### Work to be completed
Return exactly the span of lines in the following data that opens with the line containing "Bottle shot of" and closes with the line containing "TYROLIT Fächerscheibe DxH". Include nothing else.

### Available data
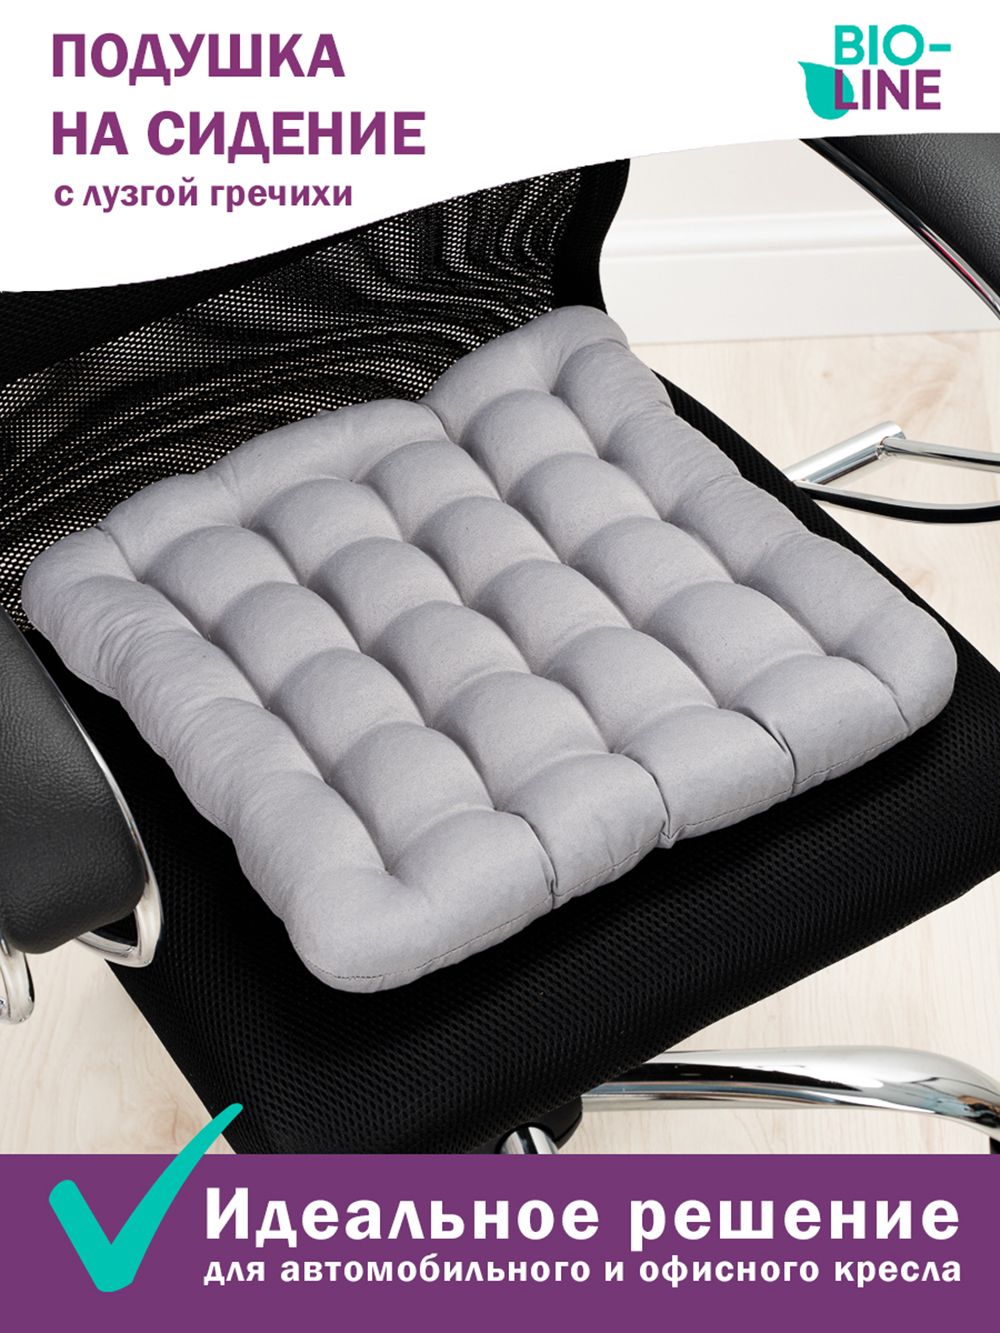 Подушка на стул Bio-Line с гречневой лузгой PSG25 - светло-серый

---

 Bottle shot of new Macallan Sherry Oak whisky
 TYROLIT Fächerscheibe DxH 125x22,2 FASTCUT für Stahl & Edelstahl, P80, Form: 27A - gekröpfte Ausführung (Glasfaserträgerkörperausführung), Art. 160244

...

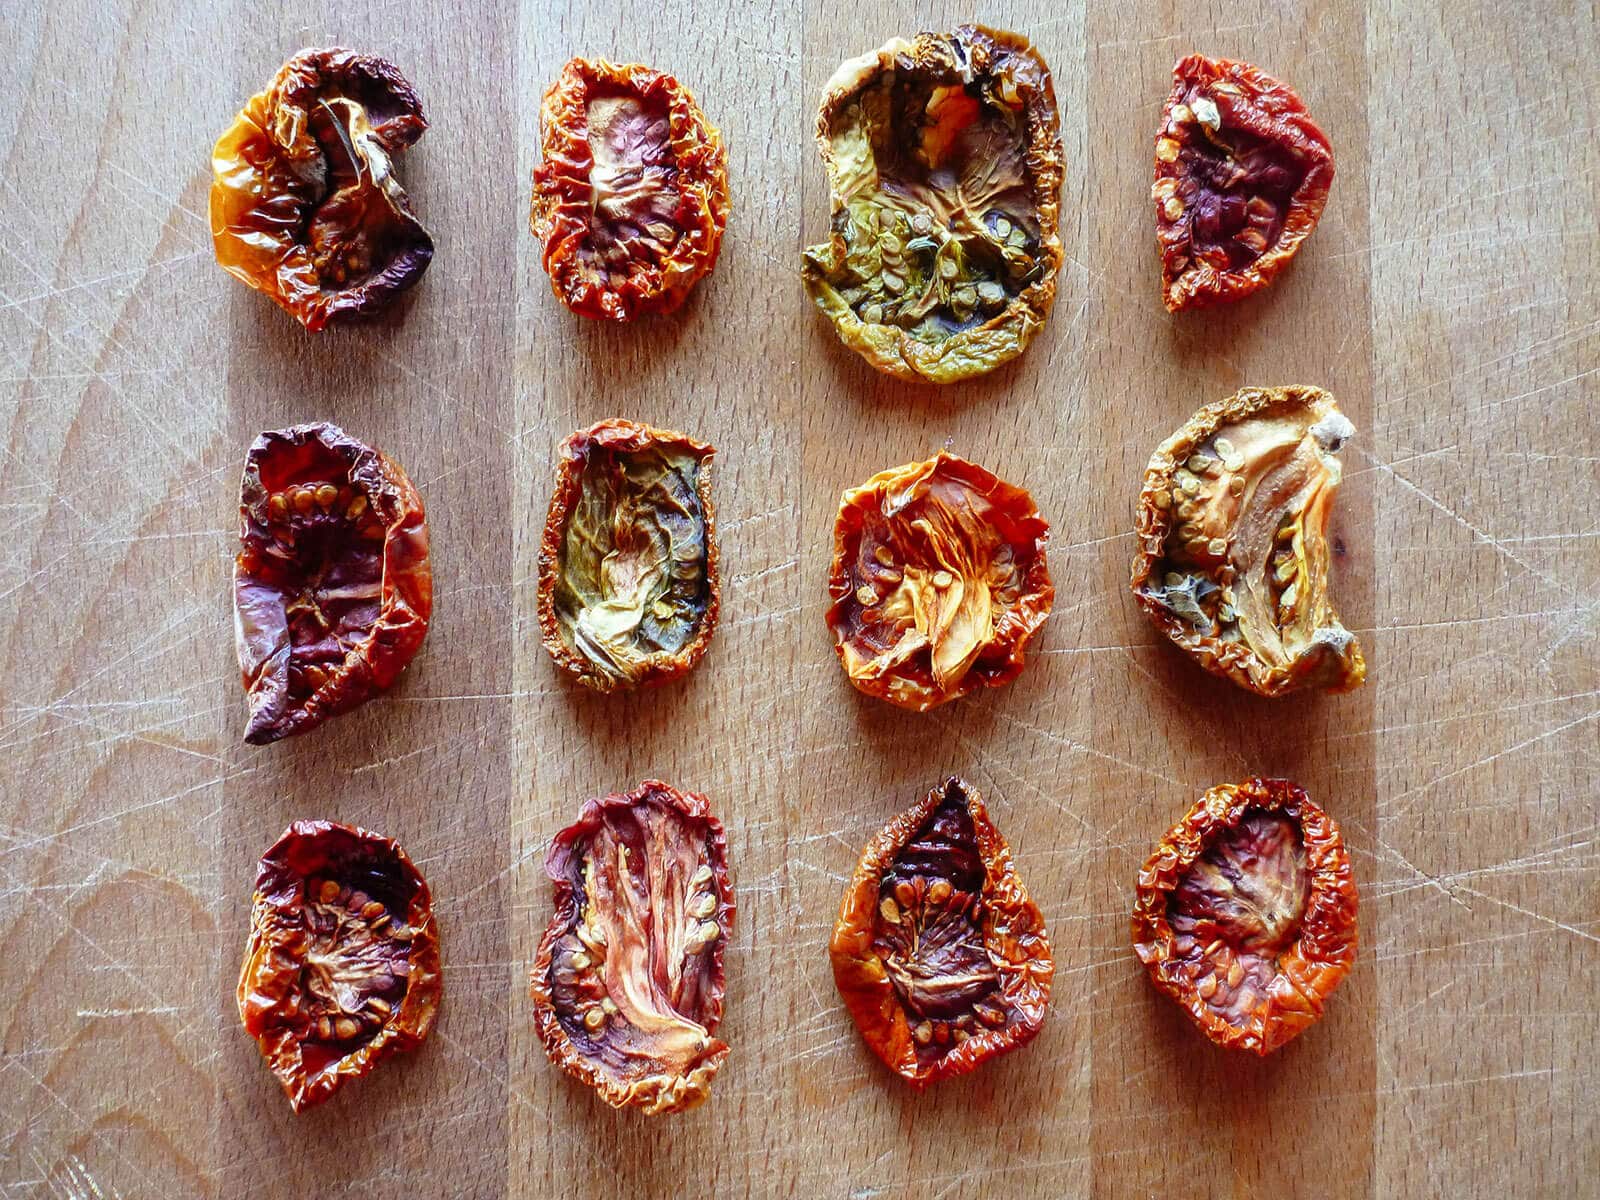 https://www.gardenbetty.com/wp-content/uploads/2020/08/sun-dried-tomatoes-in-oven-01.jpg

### Answer to this exercise
 Bottle shot of new Macallan Sherry Oak whisky
 TYROLIT Fächerscheibe DxH 125x22,2 FASTCUT für Stahl & Edelstahl, P80, Form: 27A - gekröpfte Ausführung (Glasfaserträgerkörperausführung), Art. 160244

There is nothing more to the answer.